I dislike JSON and some other modern formats (even binary formats); they often are just not as good in my opinion. One problem is they tend to insist on using Unicode, and/or on other things (e.g. 32-bit integers where you might need 64-bits). When using a text-based format where binary would do better, it can also be inefficient especially if binary data is included within the text as well, especially if the format does not indicate that it is meant to represent binary data.

However, even if you use an existing format, you should avoid using the existing format badly; using existing formats badly seems to be common. There is also the issue of if the existing format is actually good or not; many formats are not good, for various reasons (some of which I mentioned above, but there are others, depending on the application).

About target hardware, not all software is intended for a specific target hardware, although some is.

For compression, another consideration is: there are general compression schemes as well as being able to make up a compression scheme that is specific for the kind of data that is being compressed.

They also mention file names. However, this can also depend on the target system; e.g. for DOS files you will need to be limited to three characters after the dot. Also, some programs would not need to care about file names in some or all cases (many programs I write don't care about file names).

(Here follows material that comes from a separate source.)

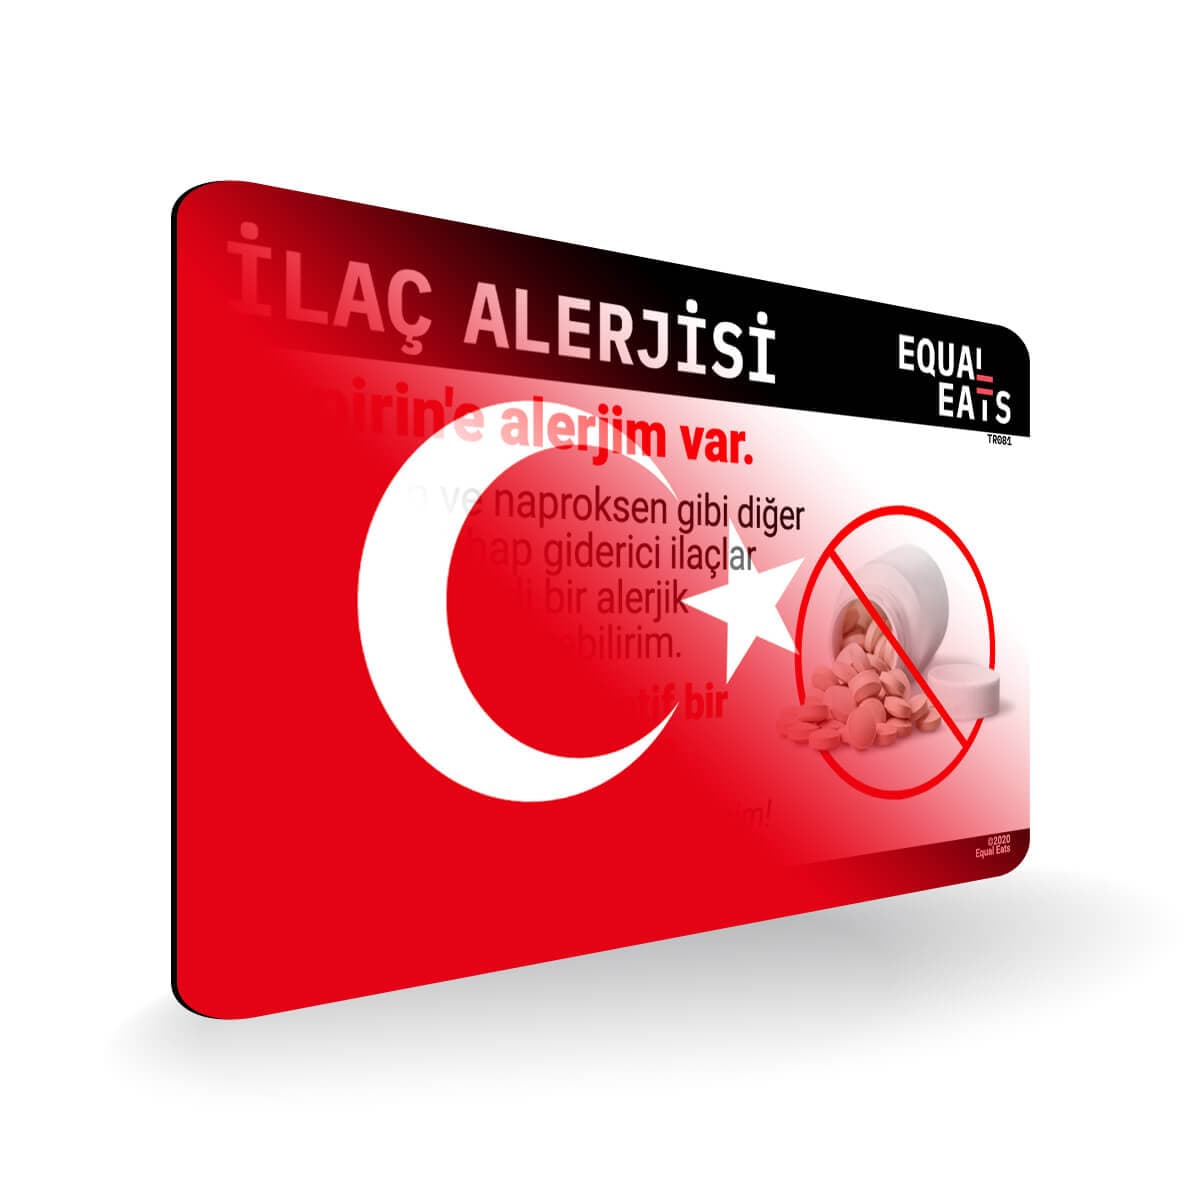 Aspirin Allergy in Turkish. Aspirin medical I.D. Card for Turkey

Maybe it's just because I've never needed the complexity, but ASN.1 seems a bit much for any of the formats I've created.

jeroenhd · 3 months ago

The ASN.1 format itself is pretty well-suited for generic file types. Unfortunately, there are very few good, open source/free ASN.1 (de)serializers out there.

In theory you could use ASN.1 DER files the same way you would JSON for human-readable formats. In practice, you're better off picking a different format.

Modern evolutions of ASN.1 like ProtoBuf or Cap'n Proto designed for transmitting data across the network might fit this purpose pretty well, too.

On the other hand, using ASN.1 may be a good way to make people trying to reverse engineer your format give up in despair, especially if you start using the quirks ASN.1 DER comes with and change the identifiers.

For me too, although you only need to use (and implement) the parts which are relevant for your application and not all of them, so it is not really the problem. (I also never needed to write ASN.1 schemas, and a full implementation of ASN.1 is not necessary for my purpose.) (This is also a reason I use DER instead of BER, even if canonical form is not required; DER is simpler to handle than all of the possibilities of BER.)

mjevans · 3 months ago

Most of that's pretty good.

Compression: For anything that ends up large it's probably desired. Though consider both algorithm and 'strength' based on the use case carefully. Even a simple algorithm might make things faster when it comes time to transfer or write to permanent storage. A high cost search to squeeze out yet more redundancy is probably worth it if something will be copied and/or decompressed many times, but might not be worth it for that locally compiled kernel you'll boot at most 10 times before replacing it with another.